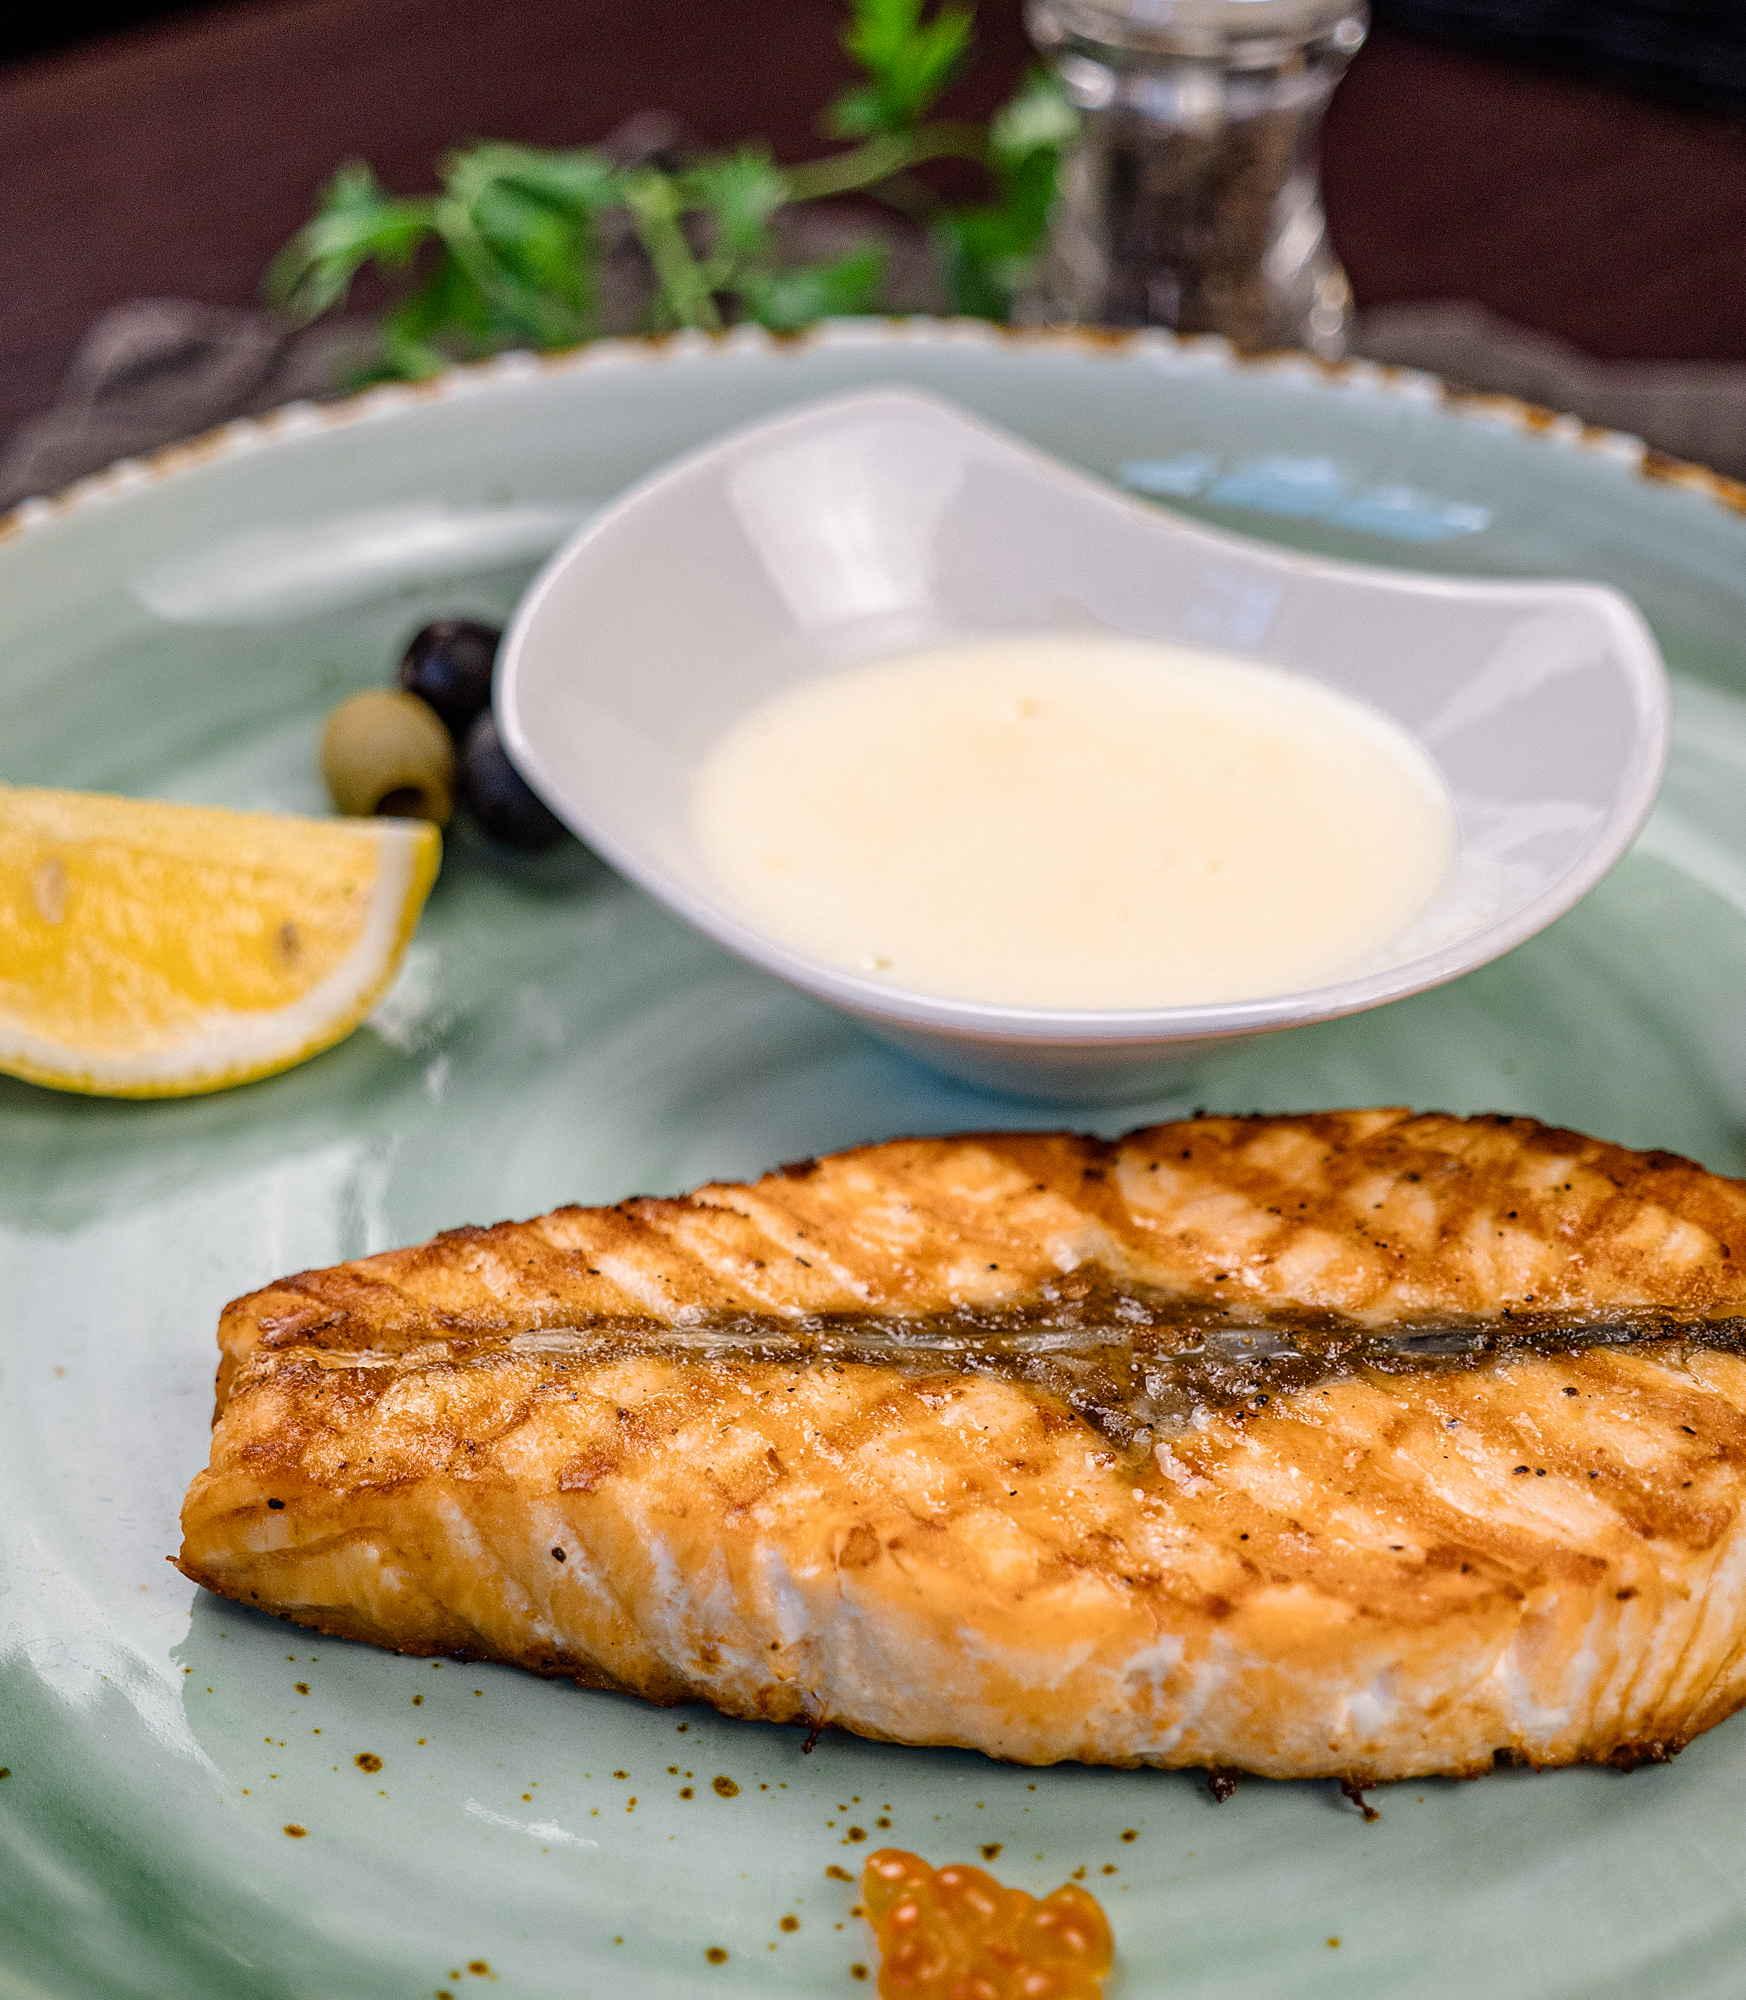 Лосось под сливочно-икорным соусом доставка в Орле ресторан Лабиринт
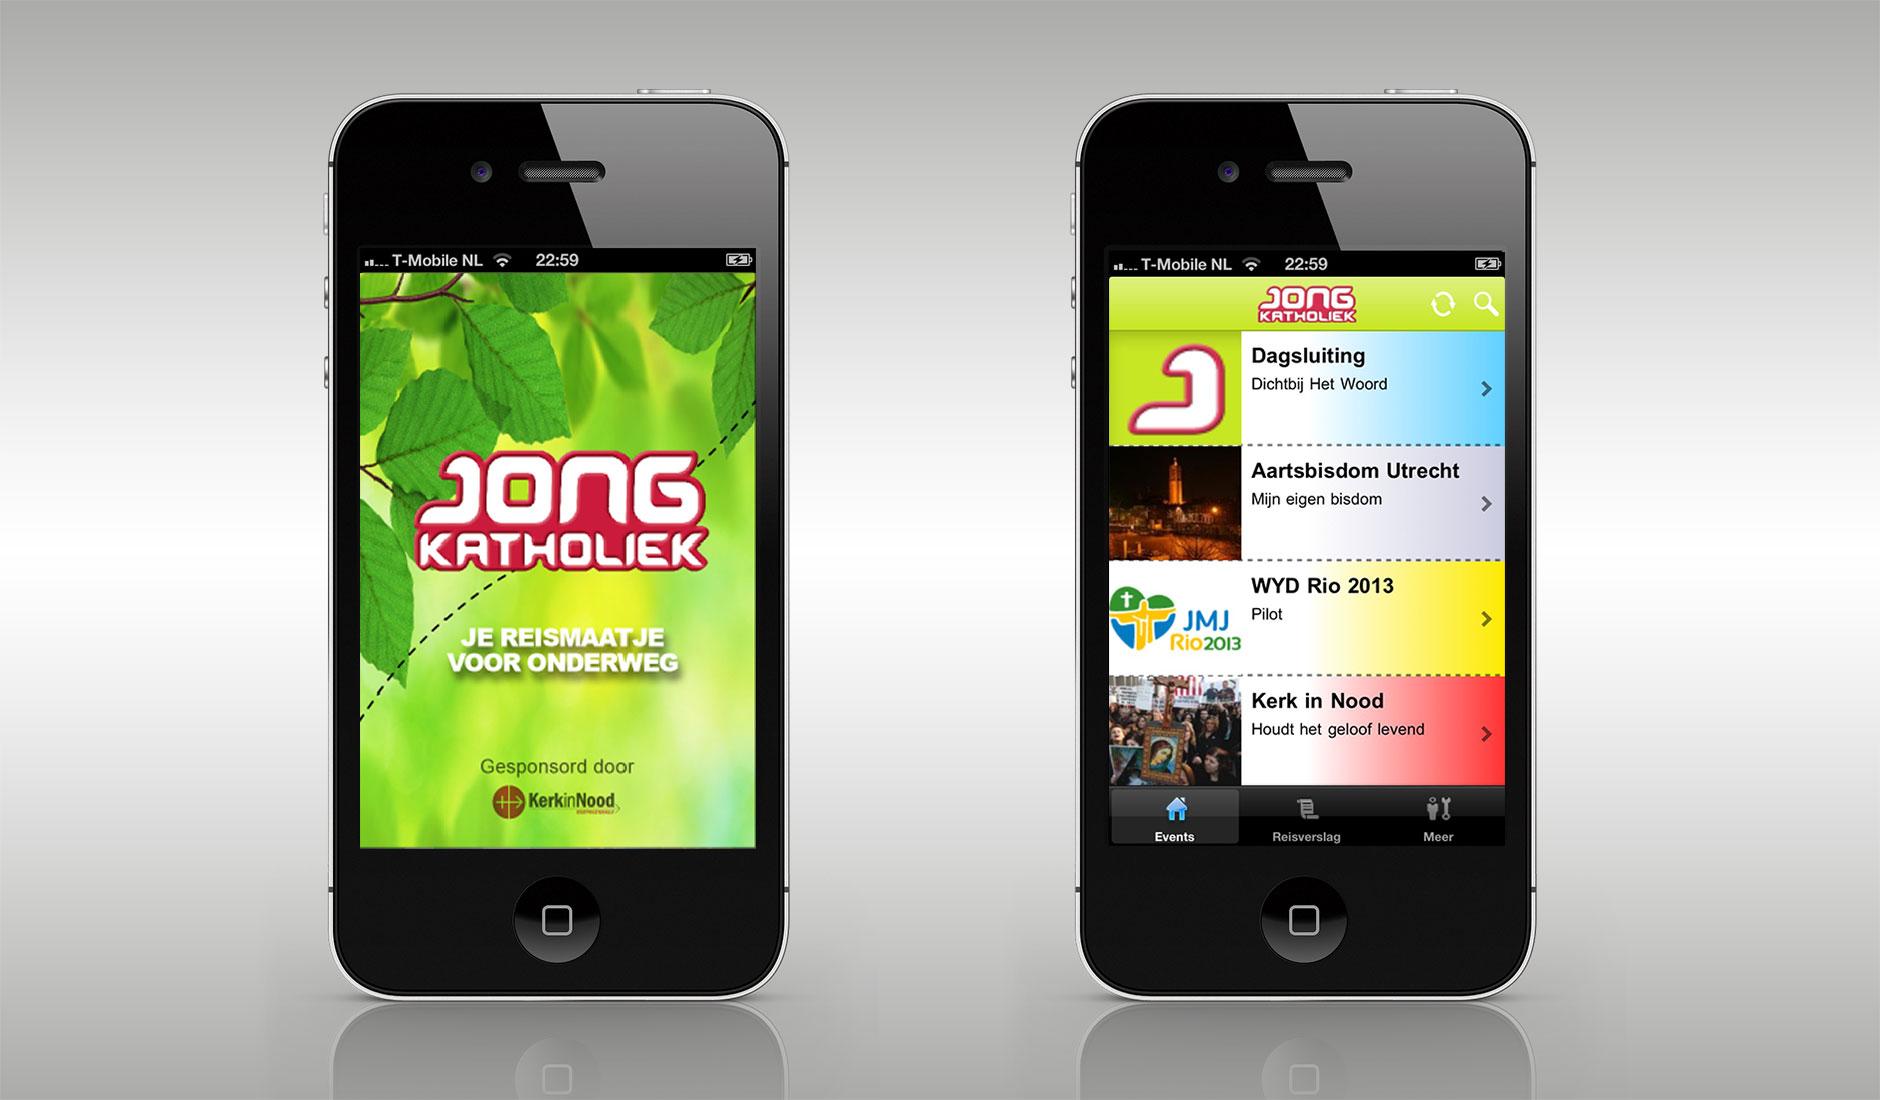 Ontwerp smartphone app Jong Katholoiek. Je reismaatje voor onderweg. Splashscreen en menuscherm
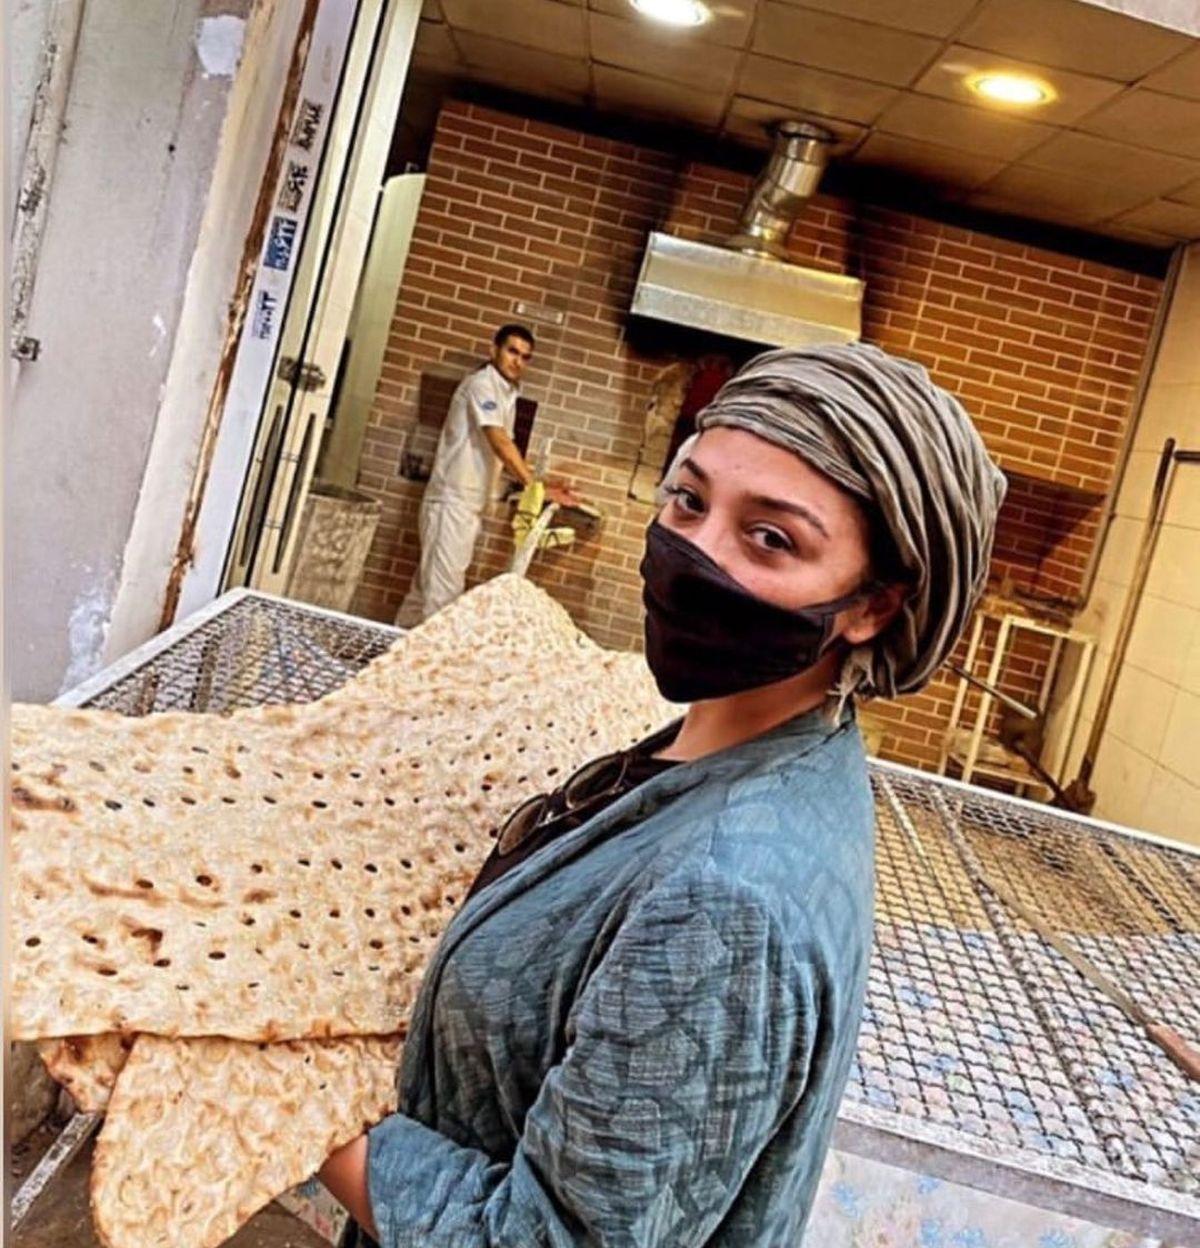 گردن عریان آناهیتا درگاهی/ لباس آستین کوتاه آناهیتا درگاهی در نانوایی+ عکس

Exercise description =
The listing above must be repeated exactly, apart from the pictures.

Answer box =
 Лосось под сливочно-икорным соусом доставка в Орле ресторан Лабиринт
 Ontwerp smartphone app Jong Katholoiek. Je reismaatje voor onderweg. Splashscreen en menuscherm
 گردن عریان آناهیتا درگاهی/ لباس آستین کوتاه آناهیتا درگاهی در نانوایی+ عکس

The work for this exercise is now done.